本文只簡單介紹 TVM 的編譯流程，及如何自動調優自己的模型。更深入瞭解，可見 TVM 官方內容：

文件: https://tvm.apache.org/docs/
原始碼: https://github.com/apache/tvm

編譯流程

TVM 文件 Design and Architecture 講述了例項編譯流程、邏輯結構元件、裝置目標實現等。其中流程見下圖：

從高層次上看，包含了如下步驟：

匯入（Import）：前端元件將模型提取進 IRModule，其是模型內部表示（IR）的函式集合。
轉換（Transformation）：編譯器將 IRModule 轉換為另一個功能等效或近似等效（如量化情況下）的 IRModule。大多轉換都是獨立於目標（後端）的。TVM 也允許目標影響轉換通道的配置。
目標翻譯（Target Translation）：編譯器翻譯（程式碼生成） IRModule 到目標上的可執行格式。目標翻譯結果被封裝為 runtime.Module，可以在目標執行時環境中匯出、載入和執行。
執行時執行（Runtime Execution）：使用者載入一個 runtime.Module 並在支援的執行時環境中執行編譯好的函式。

調優模型

TVM 文件 User Tutorial 從怎麼編譯優化模型開始，逐步深入到 TE, TensorIR, Relay 等更底層的邏輯結構元件。

這裡只講下如何用 AutoTVM 自動調優模型，實際瞭解 TVM 編譯、調優、執行模型的過程。原文見 Compiling and Optimizing a Model with the Python Interface (AutoTVM)。

準備 TVM

首先，安裝 TVM。可見文件 Installing TVM，或筆記「TVM 安裝」。
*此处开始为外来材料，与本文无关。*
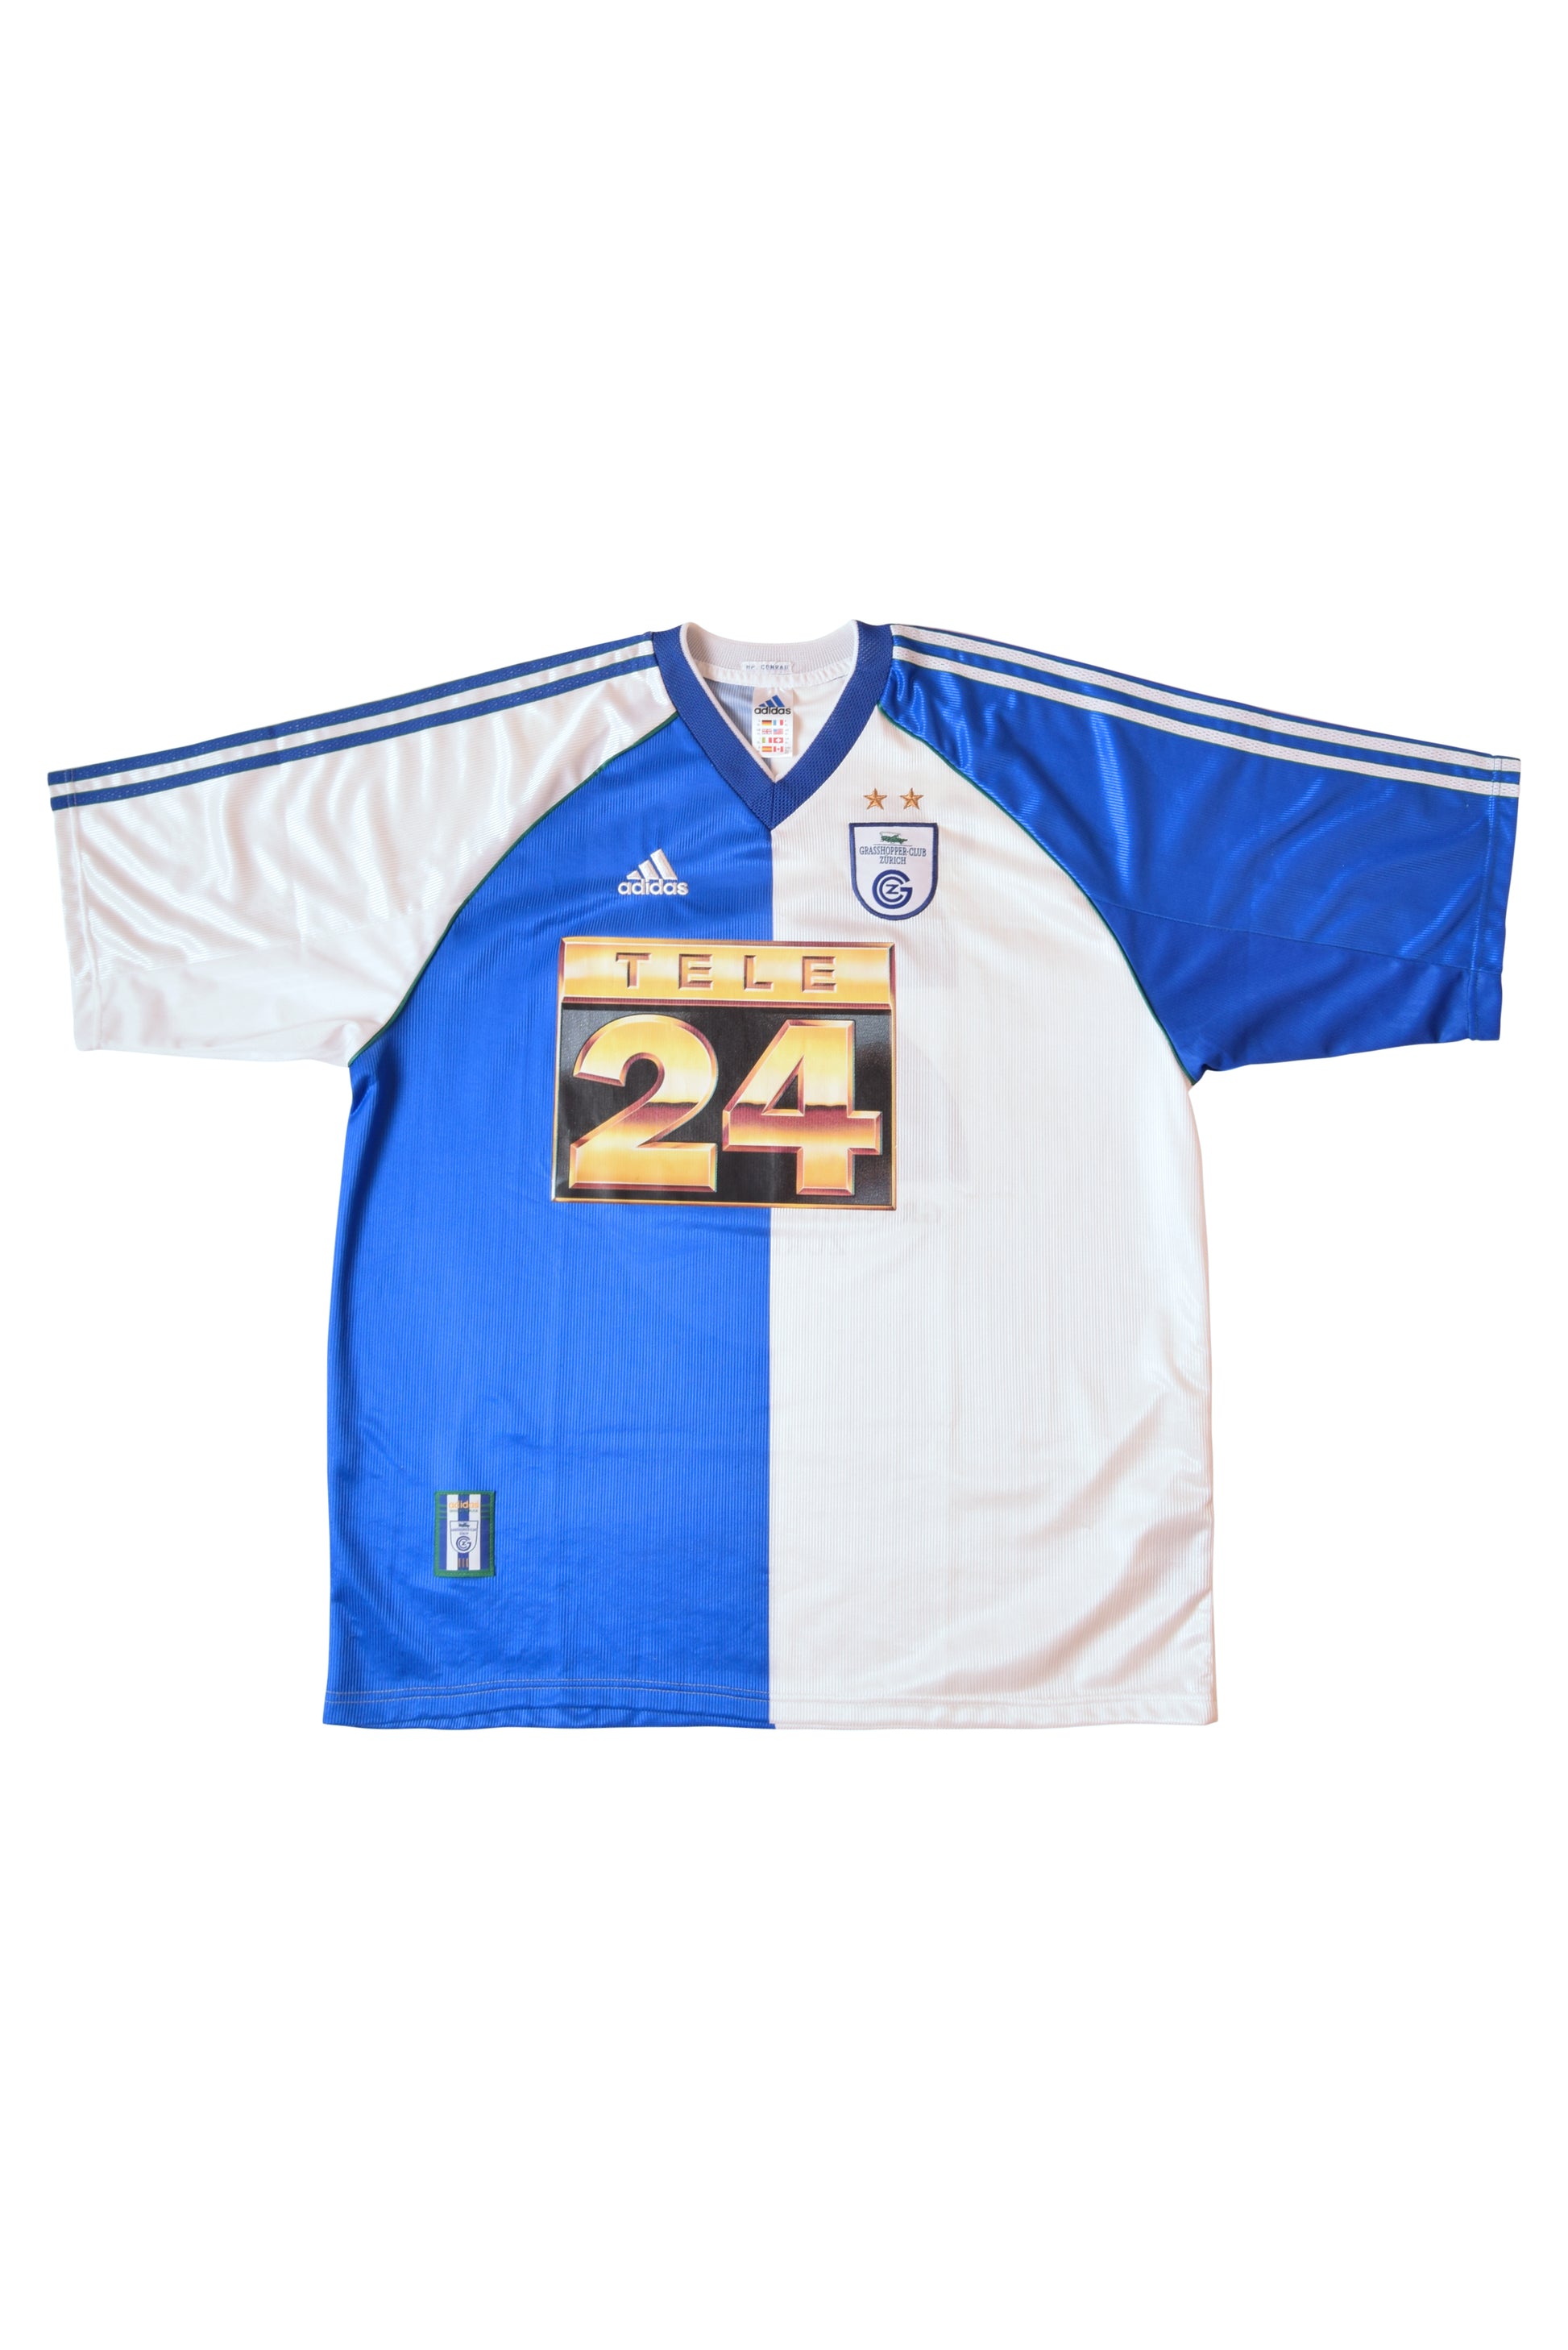 Vintage Football shirt Home Grasshopper Zurich Chapuisat Size XL '99-'00 Made in England

之後，即可通過 TVM Python API 來調優模型。我們先匯入如下依賴：

import onnx
from tvm.contrib.download import download_testdata
from PIL import Image
import numpy as np
import tvm.relay as relay
import tvm
from tvm.contrib import graph_executor

準備模型，並載入

獲取預訓練的 ResNet-50 v2 ONNX 模型，並載入：

model_url = "".join(
    [
        "https://github.com/onnx/models/raw/",
        "main/vision/classification/resnet/model/",
        "resnet50-v2-7.onnx",
    ]
)

model_path = download_testdata(model_url, "resnet50-v2-7.onnx", module="onnx")
onnx_model = onnx.load(model_path)

準備圖片，並前處理

獲取一張測試圖片，並前處理成 224x224 NCHW 格式：

img_url = "https://s3.amazonaws.com/model-server/inputs/kitten.jpg"
img_path = download_testdata(img_url, "imagenet_cat.png", module="data")

# Resize it to 224x224
resized_image = Image.open(img_path).resize((224, 224))
img_data = np.asarray(resized_image).astype("float32")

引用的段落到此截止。